How to suppress electromagnetic interference

PCB is the source of electromagnetic interference (EMI), so PCB design is directly related to electromagnetic compatibility (EMC) of electronic products. If we pay attention to EMC/EMI in high-speed PCB design, it will help shorten the product development cycle and speed up the time to market. Therefore, many engineers paid close attention to the problem of electromagnetic interference suppression in this forum. For example, Shu Jian from Wuxi Xiangsheng Medical Imaging Co., Ltd. said that the harmonic of the clock signal exceeded the standard very seriously in the EMC test. Would you like to make special treatment to the power supply pin of the IC that uses the clock signal? At present, only the decoupling capacitor is connected to the power supply pin. What other aspects should be paid attention to in PCB design to suppress electromagnetic radiation? In this regard, Li Baolong pointed out that the three elements of EMC are radiation sources, transmission routes and victims. The transmission route is divided into space radiation transmission and cable transmission. So to suppress harmonics, first look at its propagation path. Decoupling of power supply is to solve the transmission of conduction mode. In addition, necessary matching and shielding are also required.

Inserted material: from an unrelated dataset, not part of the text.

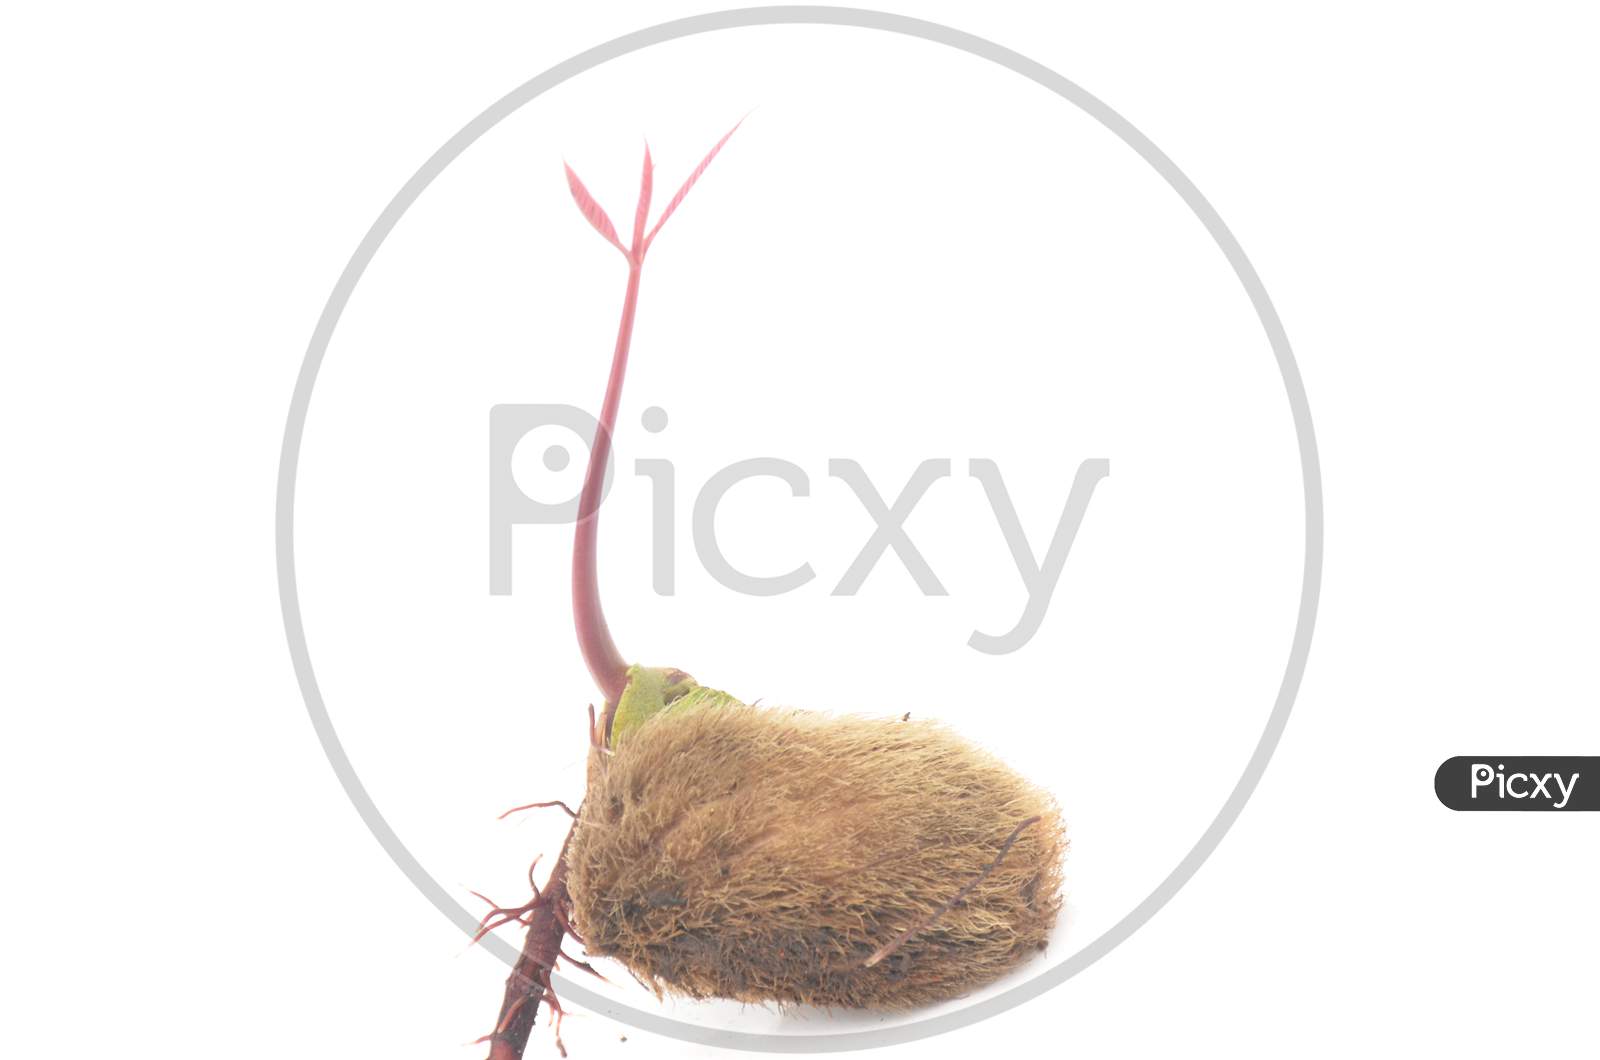 seed,growth,growing,nature,background,concept,organic,leaf,germ bud,spring,agriculture,environment,natural,small,mango,green,isolated,plant,garden,tree,young,life,germinating,fresh,white,new,botany,kernel,tree branch,dirtied,gardening,fragility,conceptual,grow,1,healthy,dirt,success,earth,ecology,be

When answering questions from WHITE netizens, Li Baolong also pointed out that filtering is a good way to solve EMC radiation through conduction. In addition, it can also be considered from the aspects of interference sources and victims. In terms of interference sources, try to use an oscilloscope to check whether the rising edge of the signal is too fast and whether there is reflection or overshoot, undershoot or ringing. If there is, consider matching; In addition, the signal with 50% duty cycle shall be avoided as far as possible, because this signal has no even harmonics and more high-frequency components. For victims, measures such as land parcel can be considered.

Whether RF wiring is via or bent

In this forum, few netizens asked questions about high-speed analog circuit design. For example, a netizen of Jingheng Electronics asked: In high-speed PCB, passing can also reduce a lot of return paths, but some people said that they would rather bend than hit. How should they choose?

In this regard, Li Baolong pointed out that when analyzing the return path of RF circuit, it is different from the signal return in high-speed digital circuit. Both of them have something in common, they are distributed parameter circuits, and both of them apply Maxwell equation to calculate the characteristics of circuits. However, RF circuit is an analog circuit, in which two variables, voltage V=V (t) and current I=I (t), need to be controlled, while digital circuit only focuses on the change of signal voltage V=V (t). Therefore, in RF wiring, in addition to signal return, the influence of wiring on current should also be considered. That is, whether bending wiring and vias will affect the signal current. In addition, most RF boards are single-sided or double-sided PCBs with no complete plane layer. The return path is distributed around the signal and on the power supply. During simulation, 3D field extraction tools need to be used for analysis. At this time, the return flow of bending wiring and vias needs to be specifically analyzed; High speed digital circuit analysis generally only deals with multilayer PCBs with complete plane layers. 2D field extraction analysis is used. Only signal reflow in adjacent planes is considered, and vias are only processed as R-L-C of a lumped parameter.